Addressing Leadership Scarcity

If we apply an economic lens to the issue of leadership scarcity what are our options? Here’s a few thoughts:

  • Minimize waste. If you are confronted with a scarce resource one of the things you want to do is minimize waste. The data would suggest that this is a significant opportunity for many organizations. Consider the plight of new executives. Four of 10 newly promoted managers and executives fail within 18 months of starting new jobs. These are typically not green, inexperienced individuals. This is some of the best talent within our organizations. Keeping in mind that just 40% of executives feel the development they receive is adequate, this represents a significant waste of premium resources. As a society, we have become much more attuned to waste and the social and economic impact of poor resource management. Applying this mindset to how we support leaders and executives can have a profound impact on the effective utilization of scare leadership resources.

  • Take control of supply. Resource companies have individuals whose role it is to search for new supplies of natural resources. They don’t sit back and wait for the resource to appear. In the field of leadership there’s various ways organizations can be more proactive from formal activities such as leadership and executive development, succession management and hiring activities to informal approaches such as coaching, mentoring and peer networks. The important thing is to do something that is appropriate to the needs of your leaders and organization. Leaving leadership and executive development to chance is not an option.

  • Look for an alternative. If you can’t address supply, then you may need to look for alternative way to deliver outcomes. In other words, tackle demand. In a work context this might mean reengineering the workplace for less or different types of leaders. We have seen this occur in the past and today, technology is enabling organizations to redesign the way work gets done. In more recent times we have seen the growth of self-managed teams that don’t rely on formal leadership. Of course, that brings its own implications as more and more people are asked to embrace leadership responsibilities.

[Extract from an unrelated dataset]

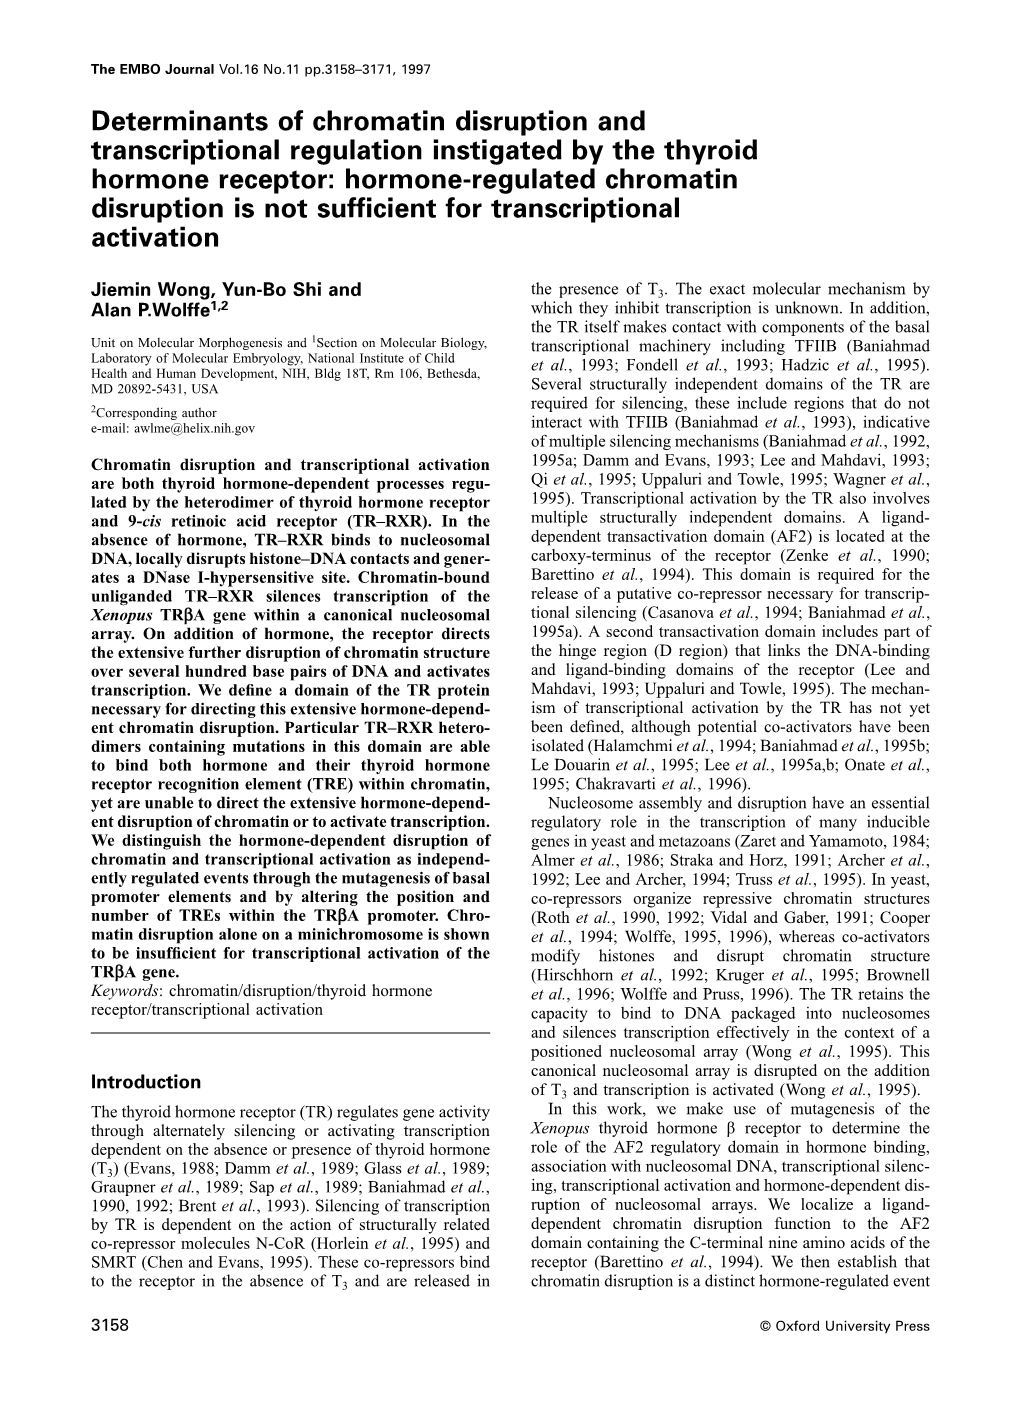 Determinants of Chromatin Disruption and Transcriptional Regulation
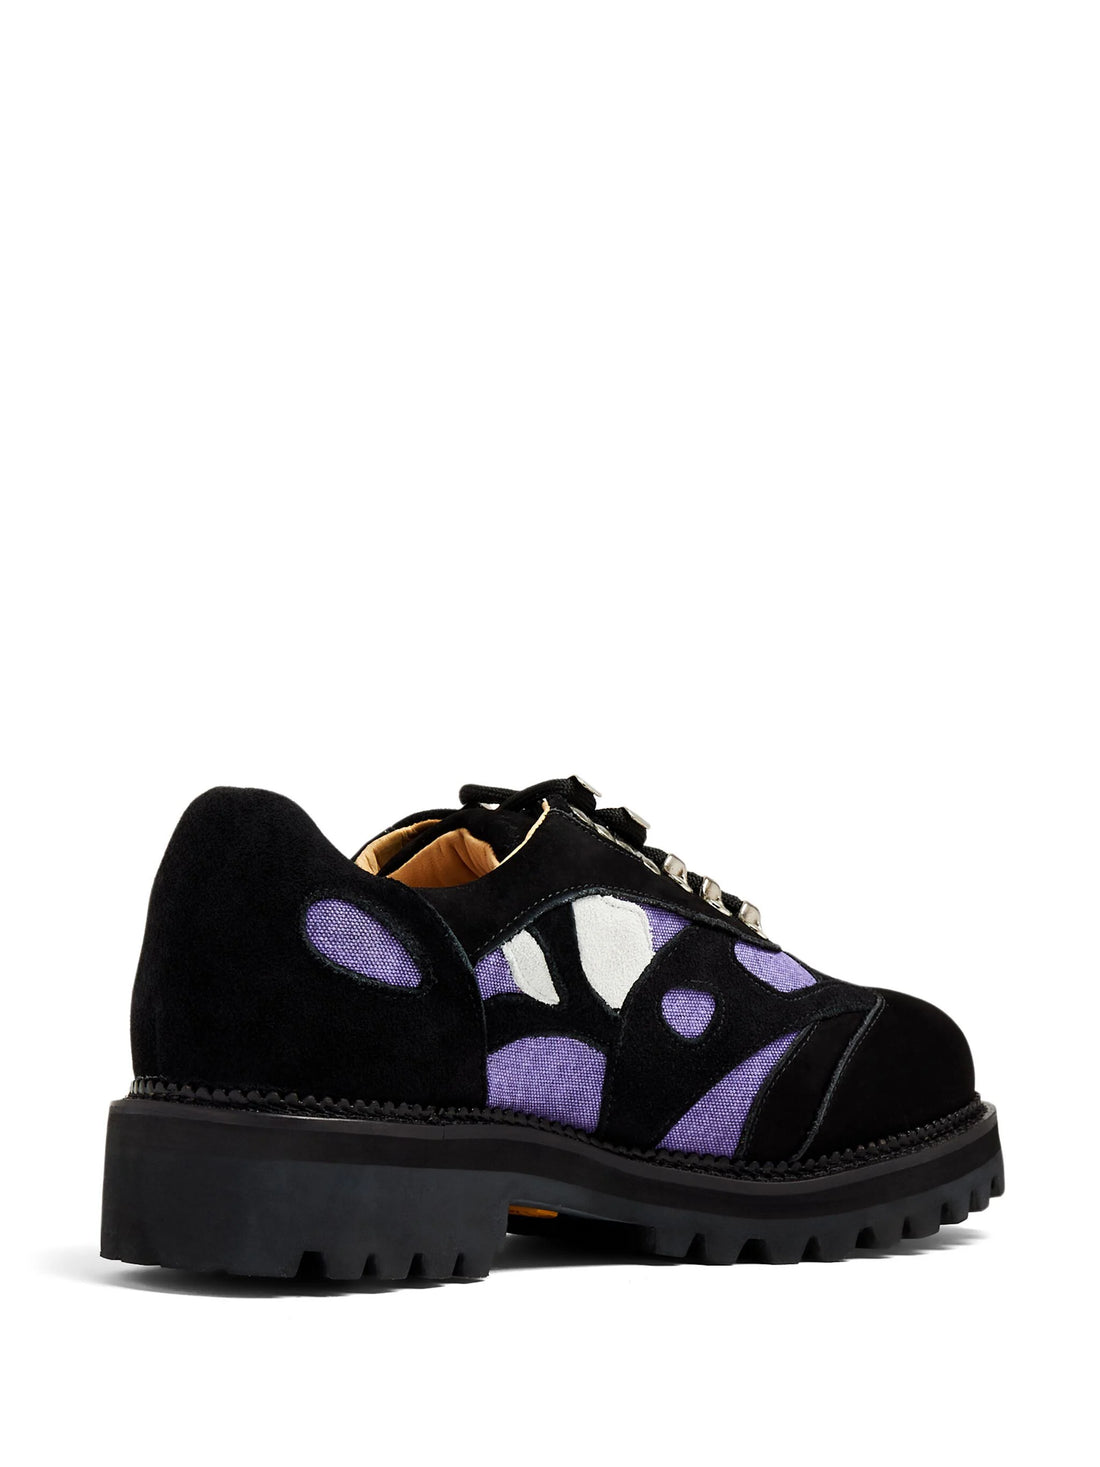 KIDSUPER Panelled Suede Lace-Up Sneakers Black/Multi - MAISONDEFASHION.COM

  • Elevate the opportunity cost. One of the reasons we sometime choose a particular course of action is that we don’t fully appreciate the opportunity cost associated with that action. For example, have you ever added up how much you spend on coffee in a year? On a daily basis the three to four dollars we spend on a couple of coffees might seem pretty insignificant. But when added up over 12-months (approx. $3000), our perspective on how that money might have been used can change dramatically and alter our choices moving forward. The important insight here relevant to leadership is that we need to bring strong data that builds and elevates the opportunity cost of not developing, preparing and supporting leaders and executives. Leadership and executive development should not be a discretionary pursuit.

The bottom line is that organizations need to start thinking about leadership and talent as an economic resource and start making better and more informed choices about how we manage these scarce resources. Once we embrace this perspective our focus and energy are likely to change dramatically.